Our Generating AI ROI report is a useful resource for exploring financial and “soft” metrics in great depth. In that case, we want to be able to find any or all proxy metrics to influence goals such as customer retention or customer satisfaction. We want to list both the hard and the soft metrics and think through the perverse impacts and incentives of measurement. The more of both, the better.
When I was in graduate school, I studied goal-setting theory on motivation and there are some examples of goal setting theory in the nail factory. If you go to Google and you type in nail factory goal setting theory, you will probably see the same examples. I actually interviewed the founders of this field, oddly enough, and essentially the experiments illustrate that when you go to a nail factory and incentivize performance based on how many nails made , you end up incentivizing workers to make very small nails because then they can make a lot of them. However, if you incentivize them based on how many pounds of nails they can make in a day, then they are going to create very large nails because it takes fewer nails made to achieve the goal.
What this shows is that the way you use incentives can have perverse influences on what you encourage the human beings in the workflow to do. What you want to be able to do is think through the perverse impacts of incentives and measurement to guard against them when establishing your ROI metrics.

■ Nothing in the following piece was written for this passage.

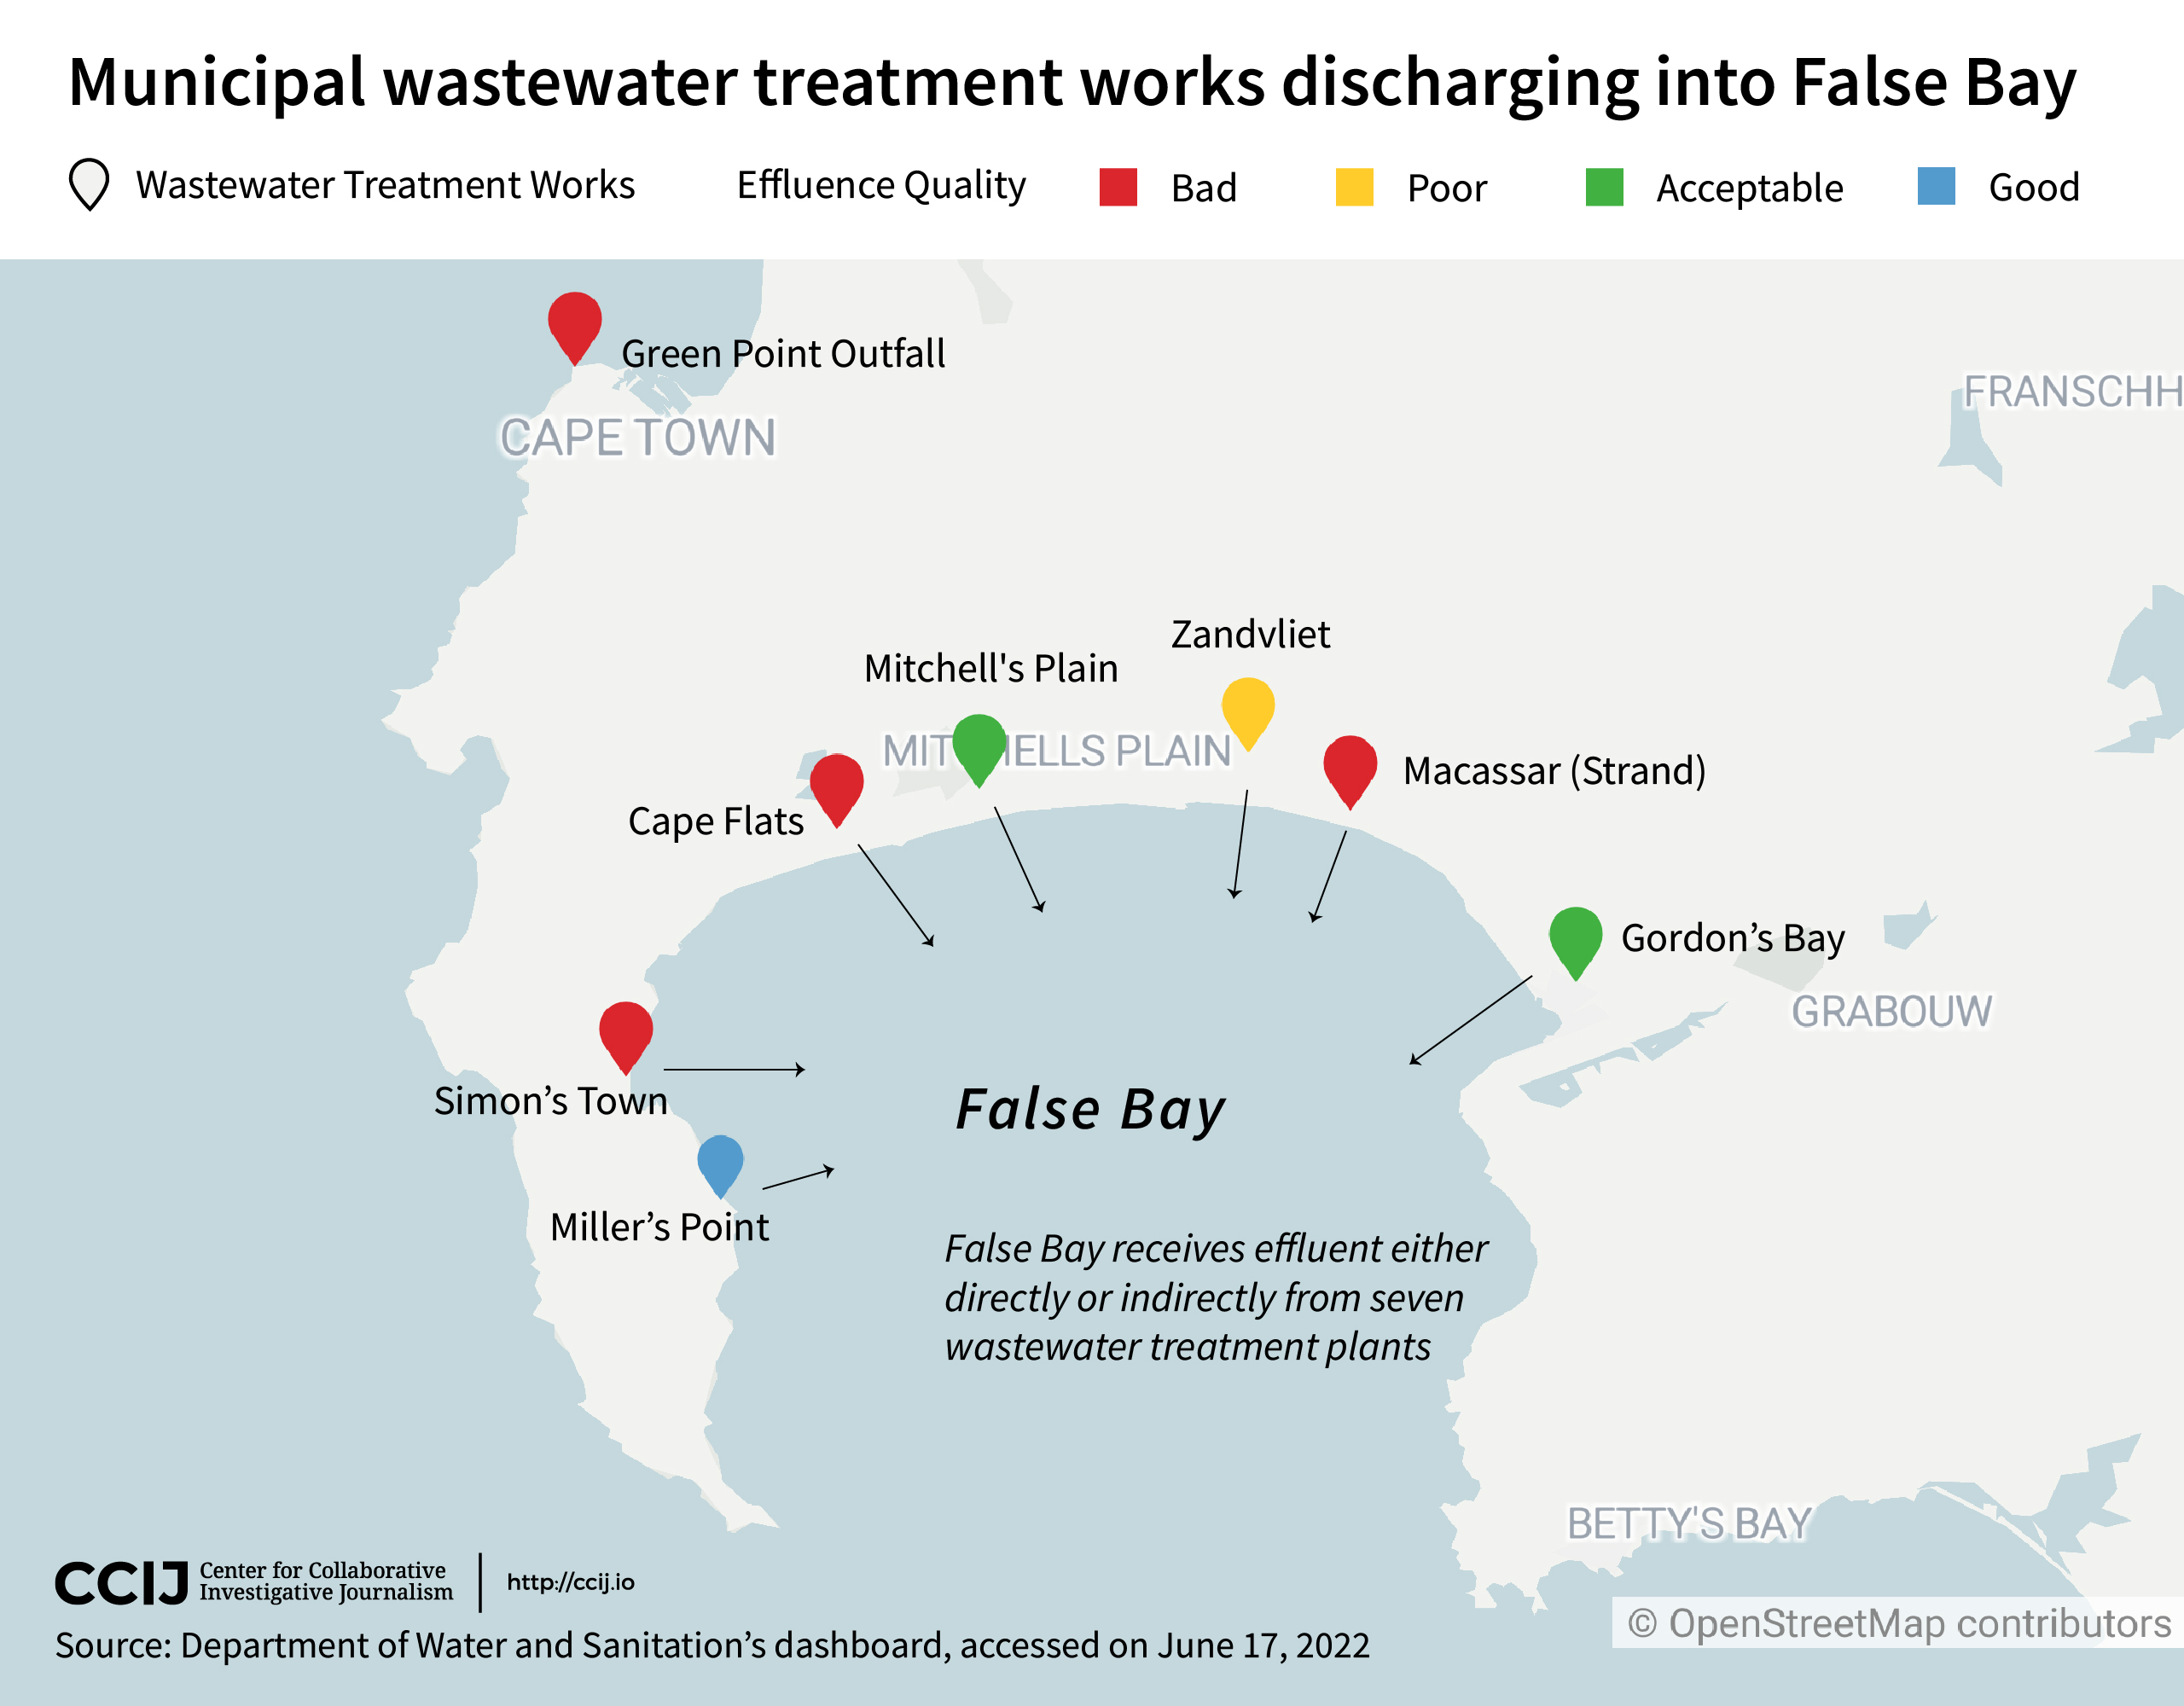 A map illustrating municipal wastewater treatment works discharging into False Bay.
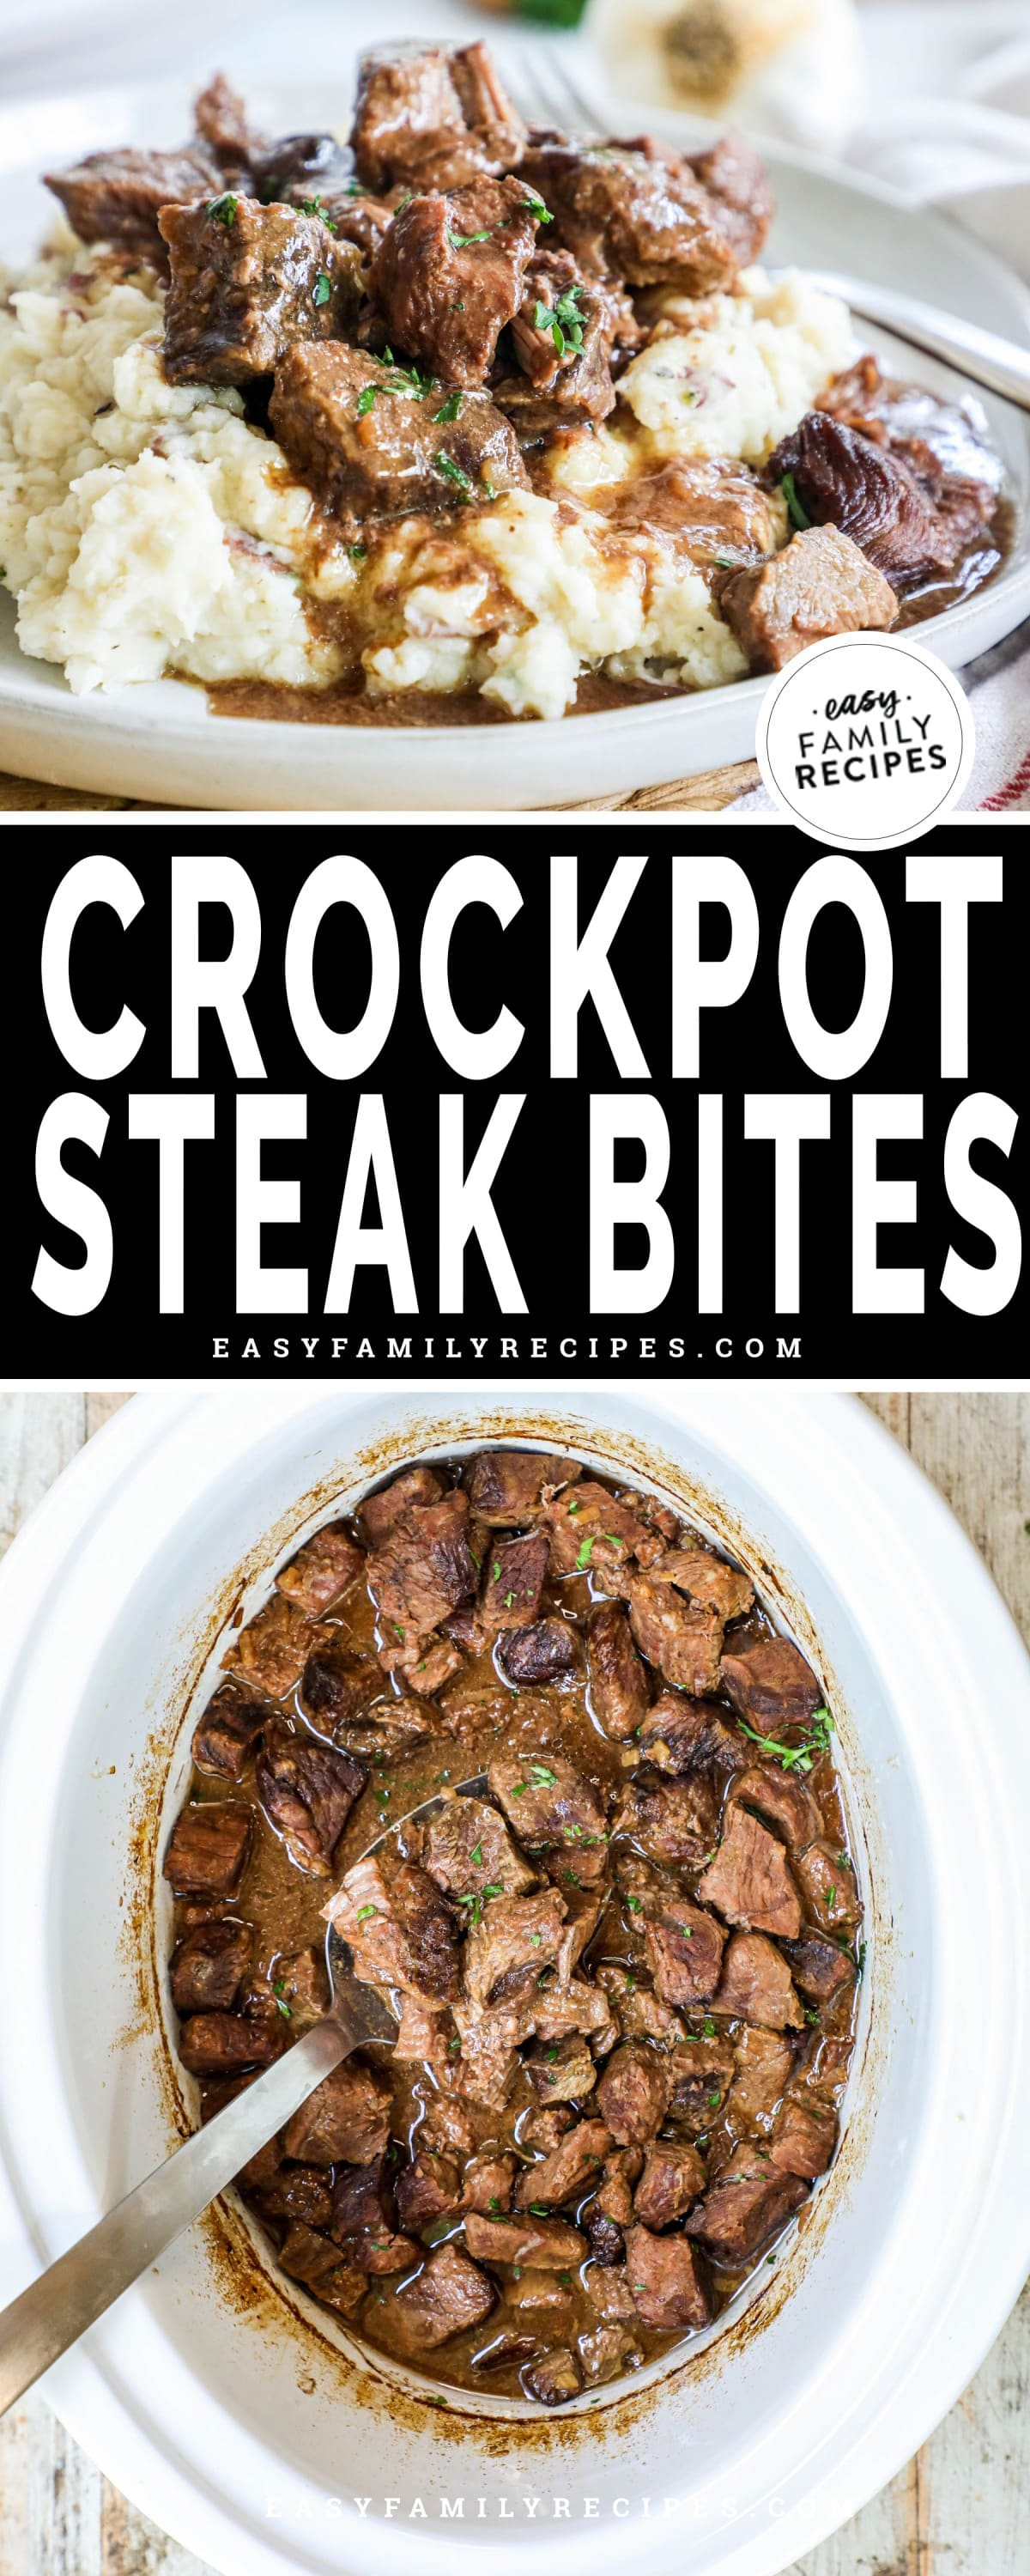 Crockpot steak bites on plate with mashed potatoes and crockpot steak bites in slow cooker

In the case of AI, if you are using it to attempt to reduce the time that a customer service person takes to do a particular part of the process such as looking up documents, for example, you need to think about the ways in which a stakeholder can subvert the purpose of the measure. Is there ways in which a manager responsible for reducing that time could make it look that the time spent was reduced without actually making any real improvements or even result in a negative consequence for the overall process?
A complete brainstorm should probably be done in a spreadsheet, and will look something like this:
Application: A recommendation engine for customizing the eCommerce store pages of individual users based on their behavior or past purchase behavior.
Client: Online apparel retailer.
ROI measure 1: New-visitor-to-customer ratio (currently 2.2%, aim to improve to 4%). Benchmark: Week-over-week change in new-visitor-to-customer ratio across four identified user types. Incentive risks: We may prioritize near-term sales and promotions over lifetime value and customer trust.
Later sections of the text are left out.